Exercise details » Copy out each line of the material exactly. Pictures do not belong in the copy.

Data extract »
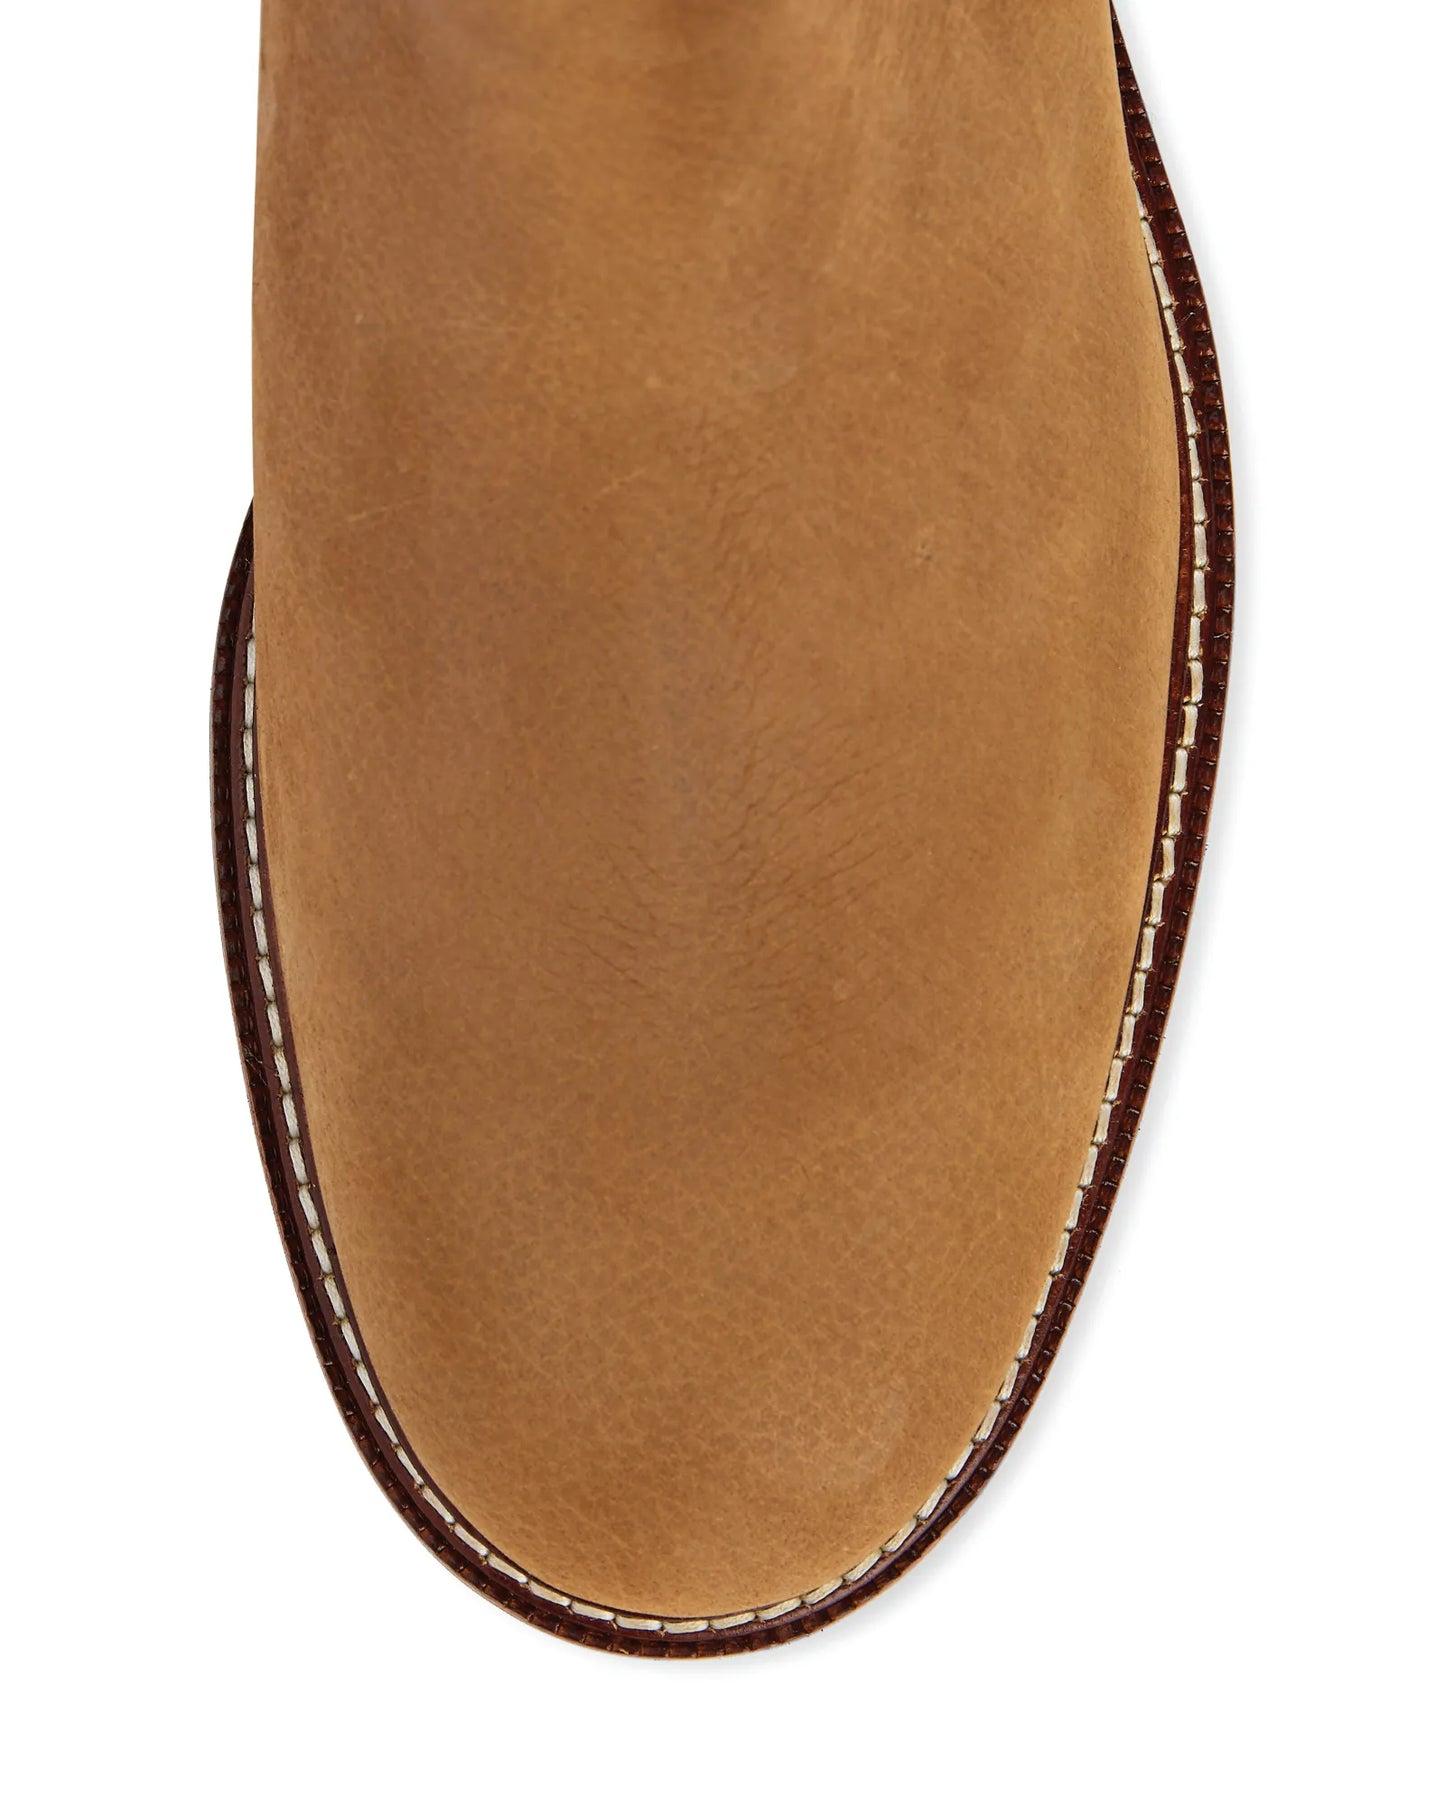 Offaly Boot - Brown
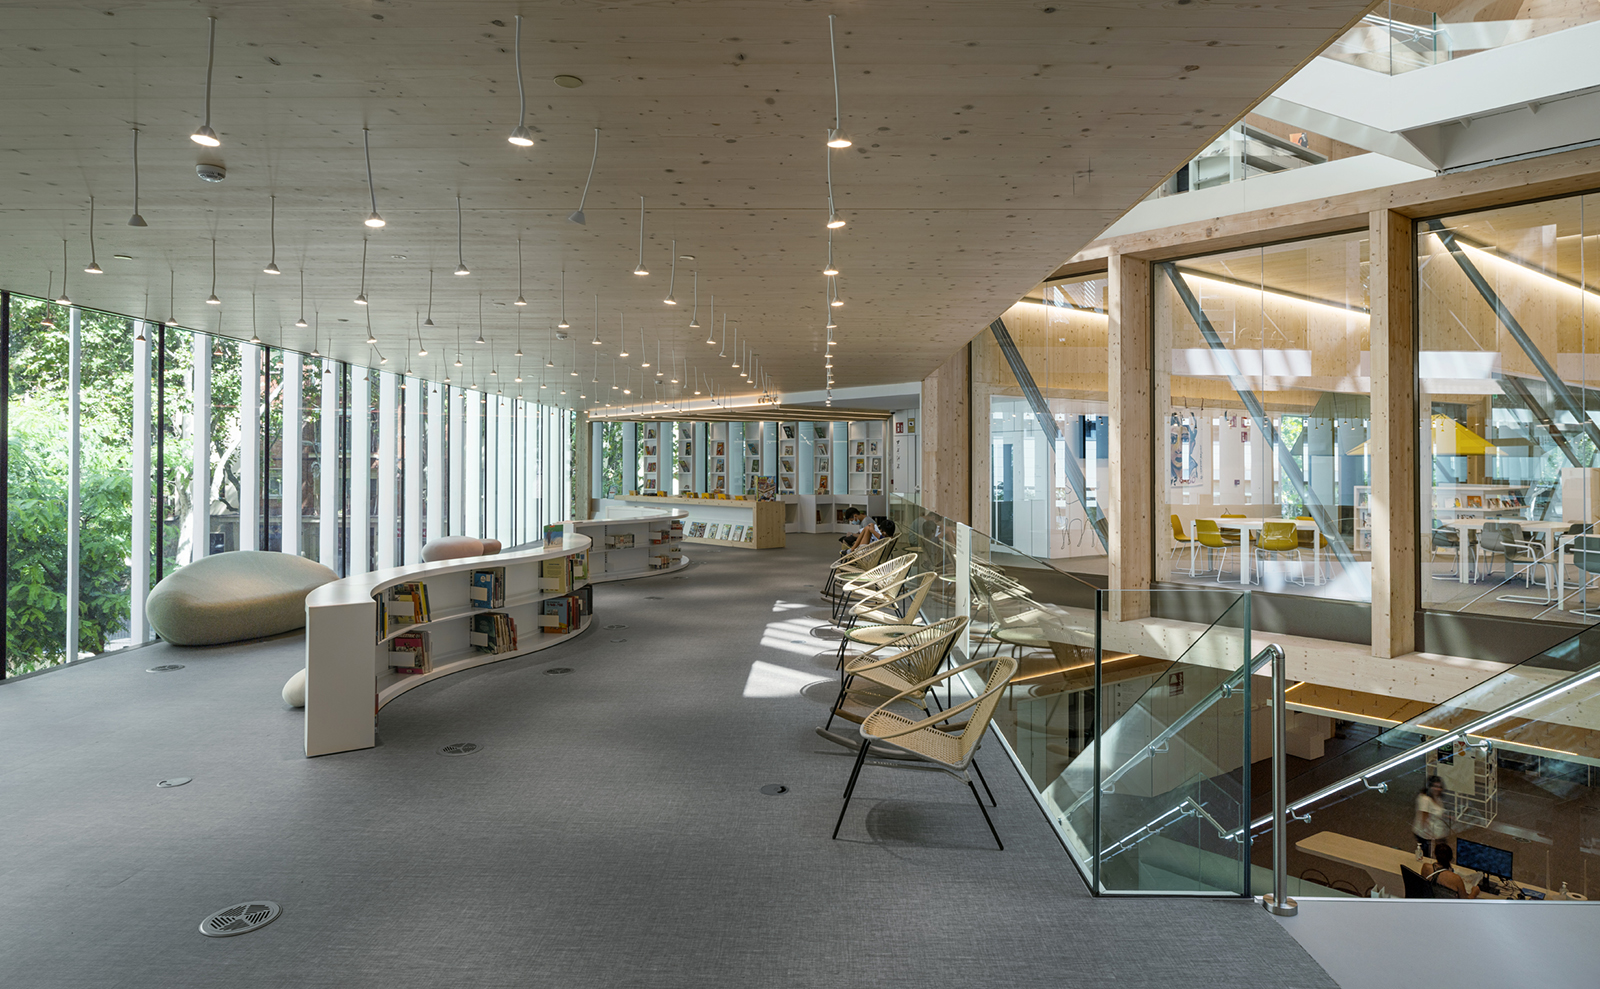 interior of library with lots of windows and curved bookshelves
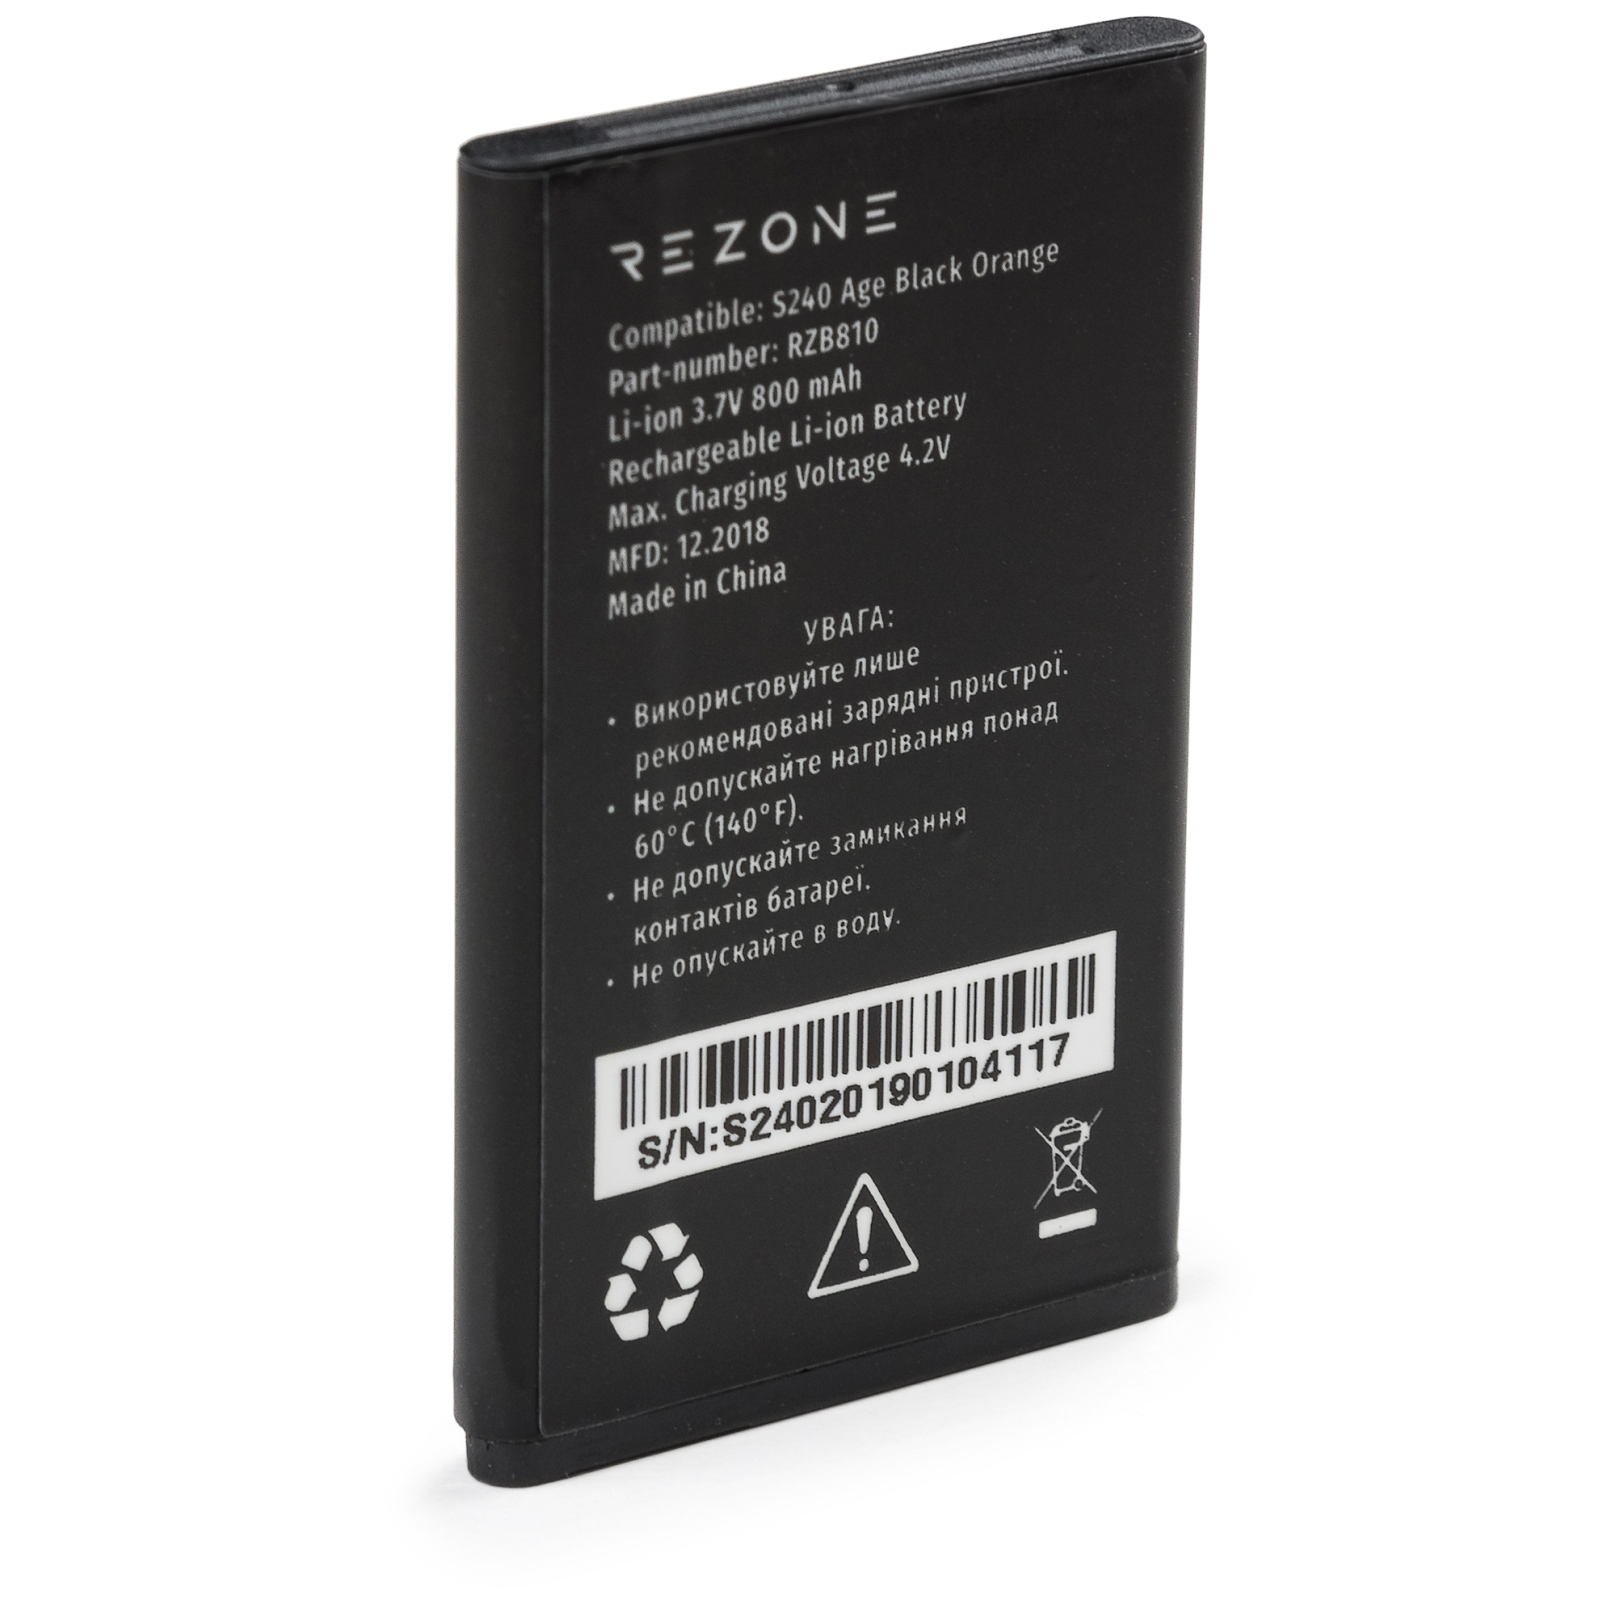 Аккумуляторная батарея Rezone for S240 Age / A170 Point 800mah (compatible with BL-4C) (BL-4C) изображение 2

Answer below »
 Offaly Boot - Brown
 interior of library with lots of windows and curved bookshelves
 Аккумуляторная батарея Rezone for S240 Age / A170 Point 800mah (compatible with BL-4C) (BL-4C) изображение 2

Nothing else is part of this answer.